Он ничего не слышит, ничего не видит, ибо по уши погружён в груды книг, содержанием
которых сейчас уже не интересуется больше ни один человек, и силится очень точно
и аккуратно подвести отдельные вещи под гегелевские категории.
В преддверии своих лекций он ставит в роли стража жупел
"современного". Что есть "современное"? Г-н Юнг говорит,
что для определения этого понятия он берёт за исходные пункты Байрона и Жорж
Санд, что ближайшими принципиальными основами новой мировой эпохи для Германии
являются Гегель и писатели так называемой "молодой литературы". -
Что только ни подсовывается бедному Гегелю! Атеизм, всемогущество самосознания,
революционное учение о государстве и, в довершение всего, ещё "Молодая
Германия". Но ведь просто смешно связывать Гегеля с этой кликой. Разве
г-ну Юнгу неизвестно, что Гуцков издавна полемизировал с гегелевской философией,
что Мундт и Кюне в этом деле ровным счётом ничего не понимают, что особенно
Мундт в "Мадонне" и в других местах высказывал о Гегеле бессмысленнейшие
вещи, величайшие несообразности и в настоящее время является открытым противником
его учения? Разве ему неизвестно, что Винбарг точно так же высказывался против
Гегеля, а Лаубе в своей истории литературы всё время неправильно применял гегелевские
категории?
Затем г-н Юнг переходит к понятию "современного"
и мучительно возится с ним на шести страницах, не будучи в силах с этим справиться.
Да это и естественно! Как будто "современное" может когда-либо "быть
возведено в понятие"! Как будто столь смутное, бессодержательное, неопределённое
выражение, повсюду с особой таинственностью выдвигаемое поверхностными умами,
может когда-либо стать философской категорией! Какая дистанция между "современным"

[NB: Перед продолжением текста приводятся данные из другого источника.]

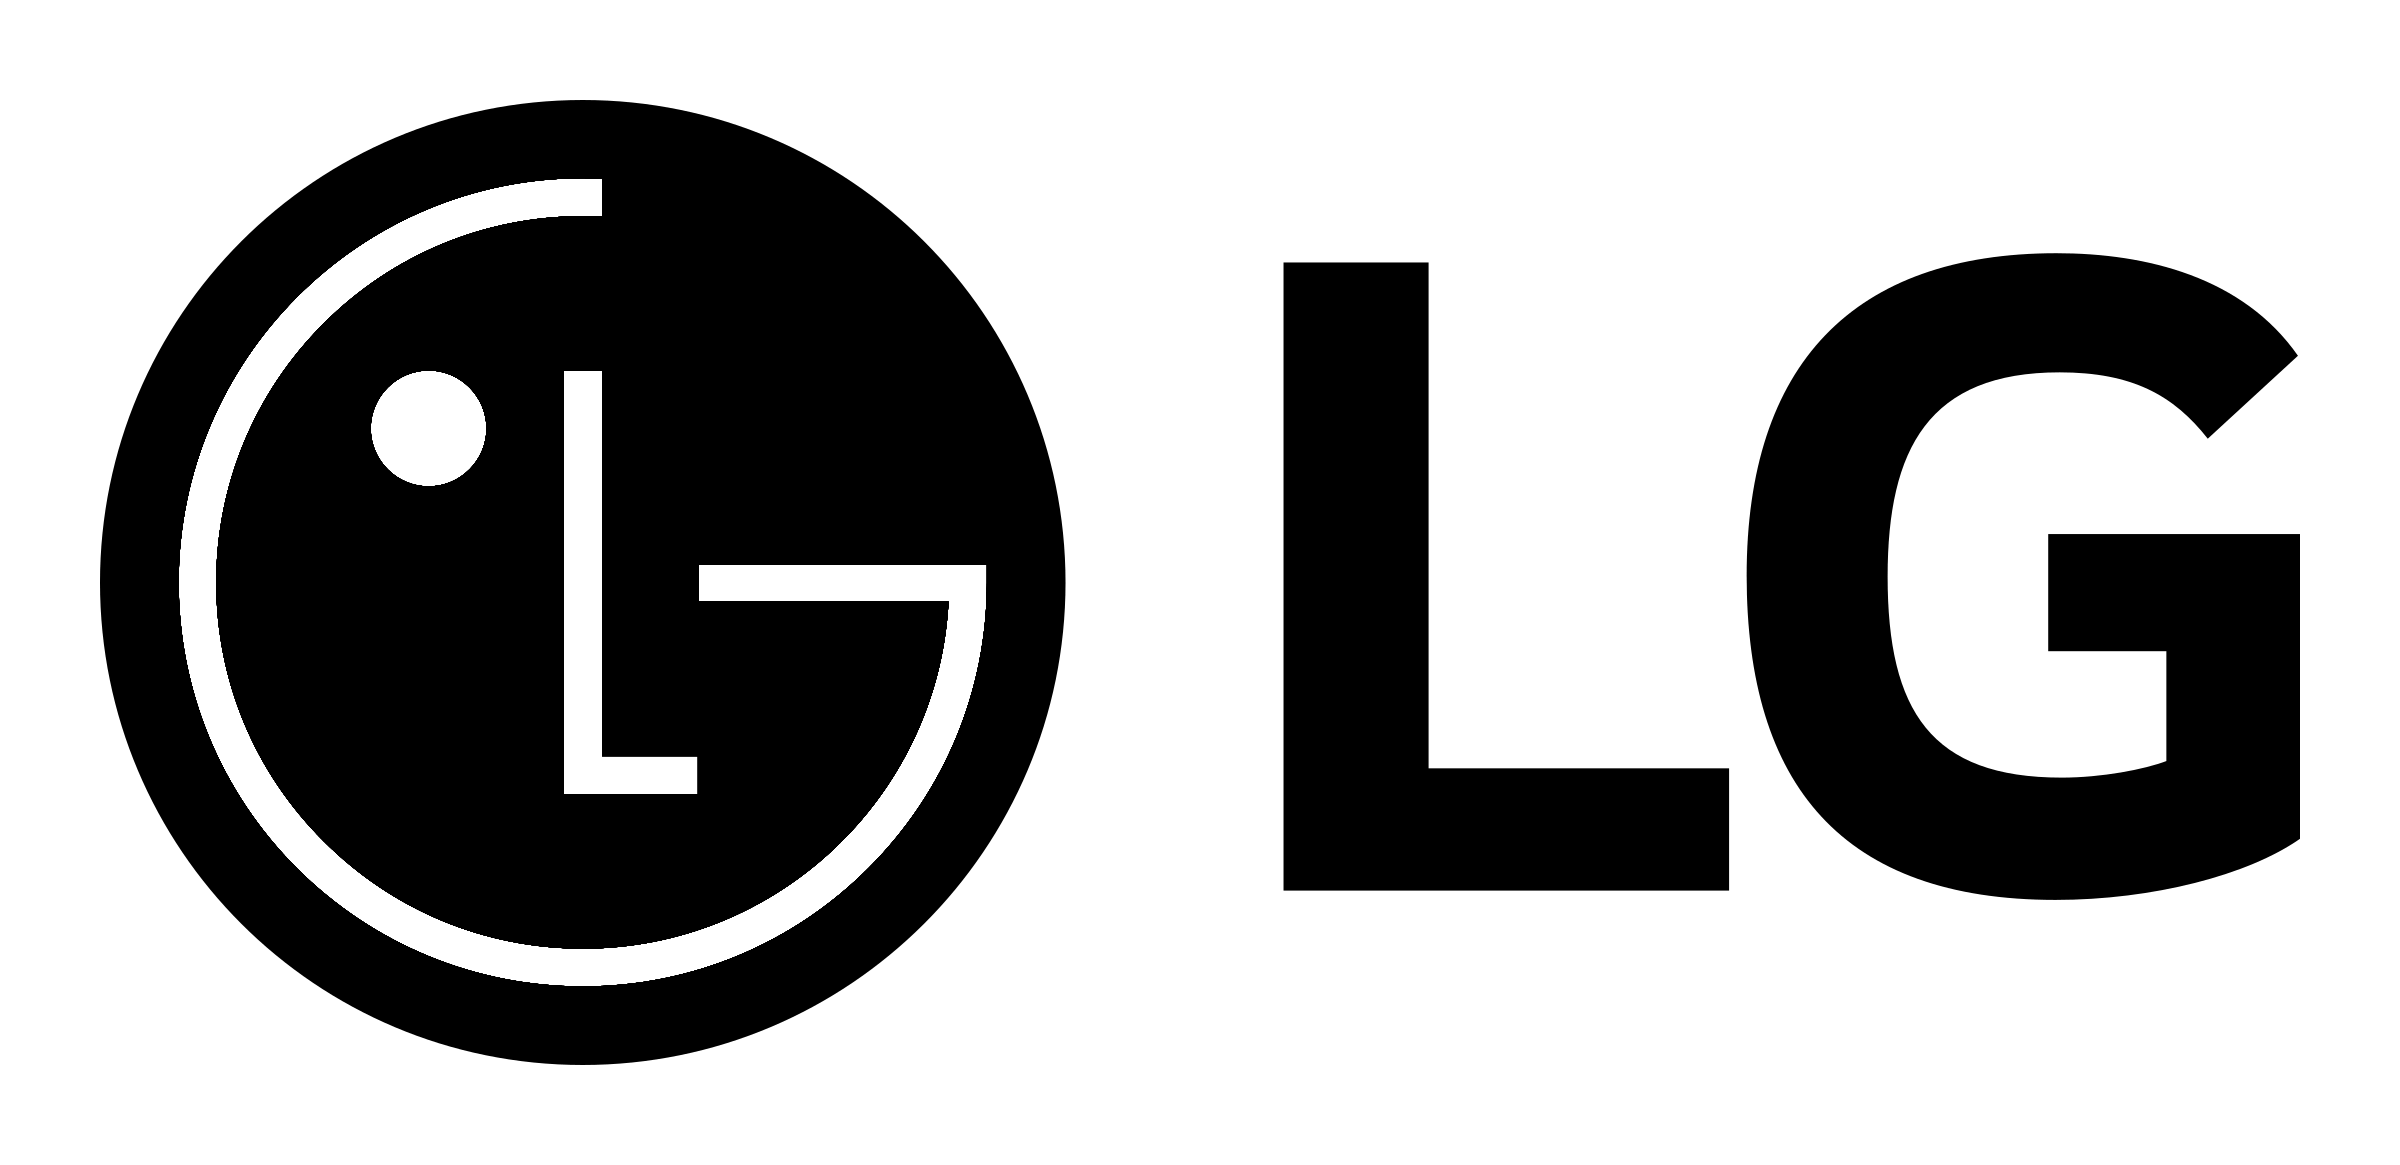 LG Logo - LG Logo PNG Transparent & SVG Vector - Freebie Supply

Генриха Лаубе, которое отдаёт аристократическими салонами и олицетворяется лишь
в образе какого-нибудь дэнди, и "современной наукой" в заголовке "Вероучения"
Штрауса! Вопреки всему этому г-н А. Юнг усматривает в этом заголовке доказательство
того, что Штраус признаёт над собой власть "современного", именно
младогерманского "современного", и единым махом ставит его на одну
доску с "молодой литературой". В конце концов, он определяет понятие
"современного" как независимость субъекта от всякого чисто внешнего
авторитета. Мы давно уже знаем, что стремление к этому является основным моментом
нынешнего движения, и никто не отрицает, что сюда примыкают и приверженцы
"современного"; но тут прямо-таки блестяще обнаруживается нелепость
стараний г-на Юнга непременно возвести часть в целое, пережитую переходную эпоху
представить как время расцвета. "Молодую Германию" нужно, видите ли,
во что бы то ни стало сделать носительницей всего духа времени, а мимоходом
и Гегелю приходится отвести соответствующее местечко. Мы видим, что г-н Юнг
до сих пор находился в состоянии раздвоения: в одном уголке сердца он носил
Гегеля, в другом - "Молодую Германию". Теперь, составляя эти лекции,
он вынужден был поставить то и другое в связь. Нелёгкая задача! Левая рука ласкала
философию, правая рука - поверхностную, мишурную нефилософию, и воистину, по-христиански,
правая рука не ведала, что творила левая. Как выйти из такого положения? Вместо
того чтобы честно отказаться от одной из несовместимых склонностей, он смелым
поворотом вывел нефилософию из философии.
С этой целью бедному Гегелю отводится тридцать страниц.
На могилу великого человека изливается мутным потоком напыщенный, высокопарный
апофеоз; затем г-н Юнг силится доказать, что основной чертой гегелевской системы
является утверждение свободного субъекта в противовес гетерономии косной объективности.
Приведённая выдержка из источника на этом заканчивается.